Увидев остановившуюся во дворе бричку, пограничники высыпали на крыльцо, нестройно, вразброд поздоровались с Марфой Игнатьевной. На нее смотрели с уважением, жалостью и любопытством.
Константин предложил ей отдохнуть с дороги, умыться, позавтракать, но она попросила проводить ее на могилу Анатолия. Поддерживая Марфу Игнатьевну под руку, он повел ее к сопке. Пограничники, не решаясь пойти за ними, издали наблюдали за начальником заставы и матерью Маслова.
— Вот, значит, как оно, — раздумчиво сказал один из солдат.
— Да, брат, — в тон ему ответил другой.
Могила находилась у подножия небольшой сопки. Она была обложена дерном и обнесена деревянной изгородью, выкрашенной в зеленый, пограничный цвет. В изголовье стоял обелиск с латунной пятиконечной звездой. Вокруг могилы щетинилась чащоба молодой лиственницы.
Поджав губы, опустив голову, Марфа Игнатьевна неподвижно стояла у могилы и сухими, горящими глазами смотрела на нее. Жаркий июльский ветер теребил ее седые пряди, трепал черную шаль.
Словно очнувшись, Марфа Игнатьевна огляделась по сторонам. В кустах, подальше, она увидела еще четыре могилы.

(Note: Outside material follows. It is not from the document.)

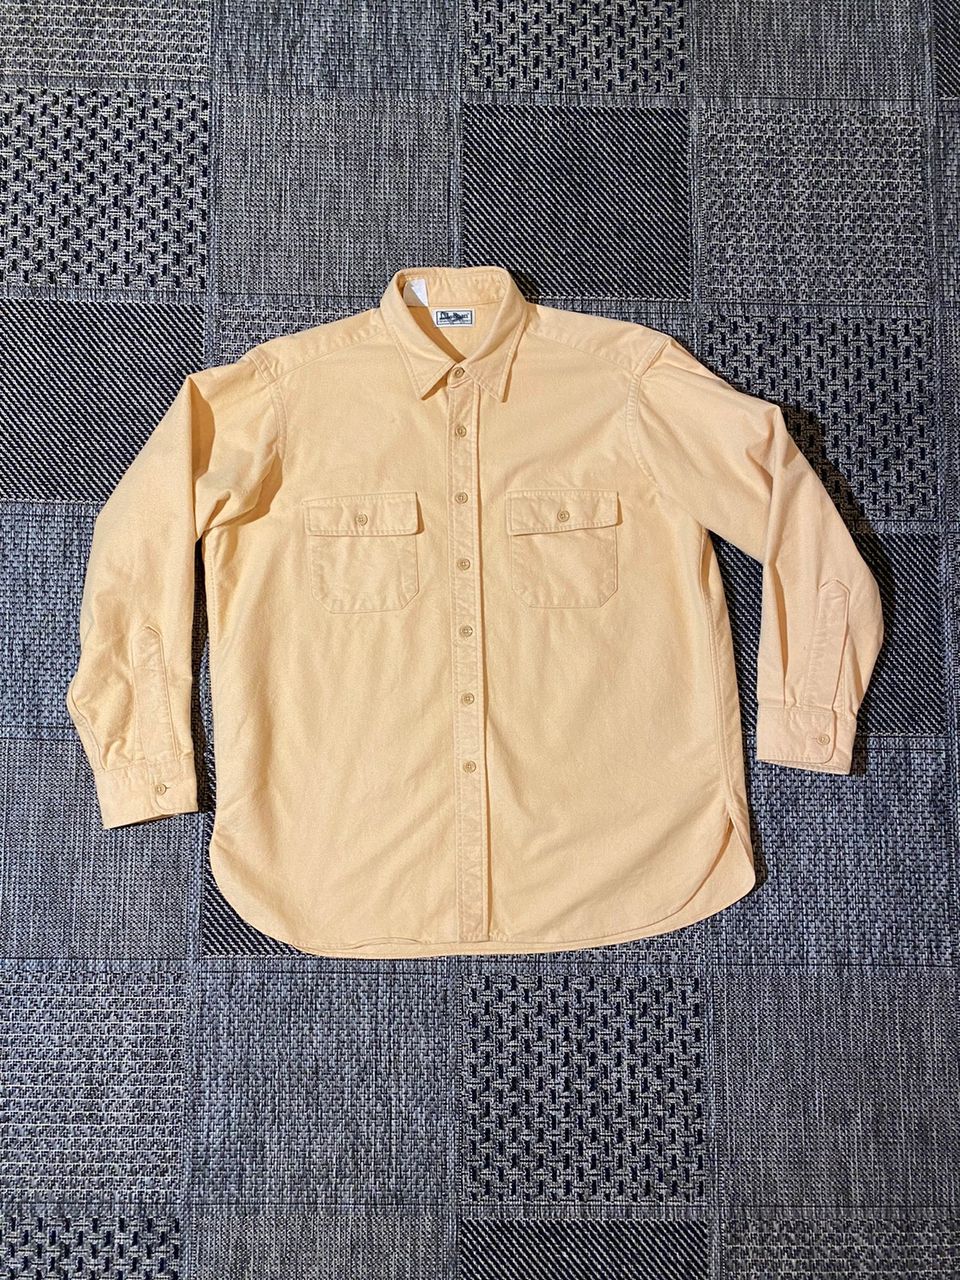 LL BEAN mens L chamois shirt 100%cotton flannel pastel peach light orange

— Чьи это? — спросила она.
— Наших пограничников. Погибли в том же бою, под Рождественской, — ответил Константин, стоявший поодаль.
Марфа Игнатьевна обошла эти могилы и постояла у каждой из них так же долго, как и у могилы сына. Потом вернулась к могиле Анатолия, села на лавку около ограды и сказала Константину:
— Ну, а теперь расскажи мне все… Как это было…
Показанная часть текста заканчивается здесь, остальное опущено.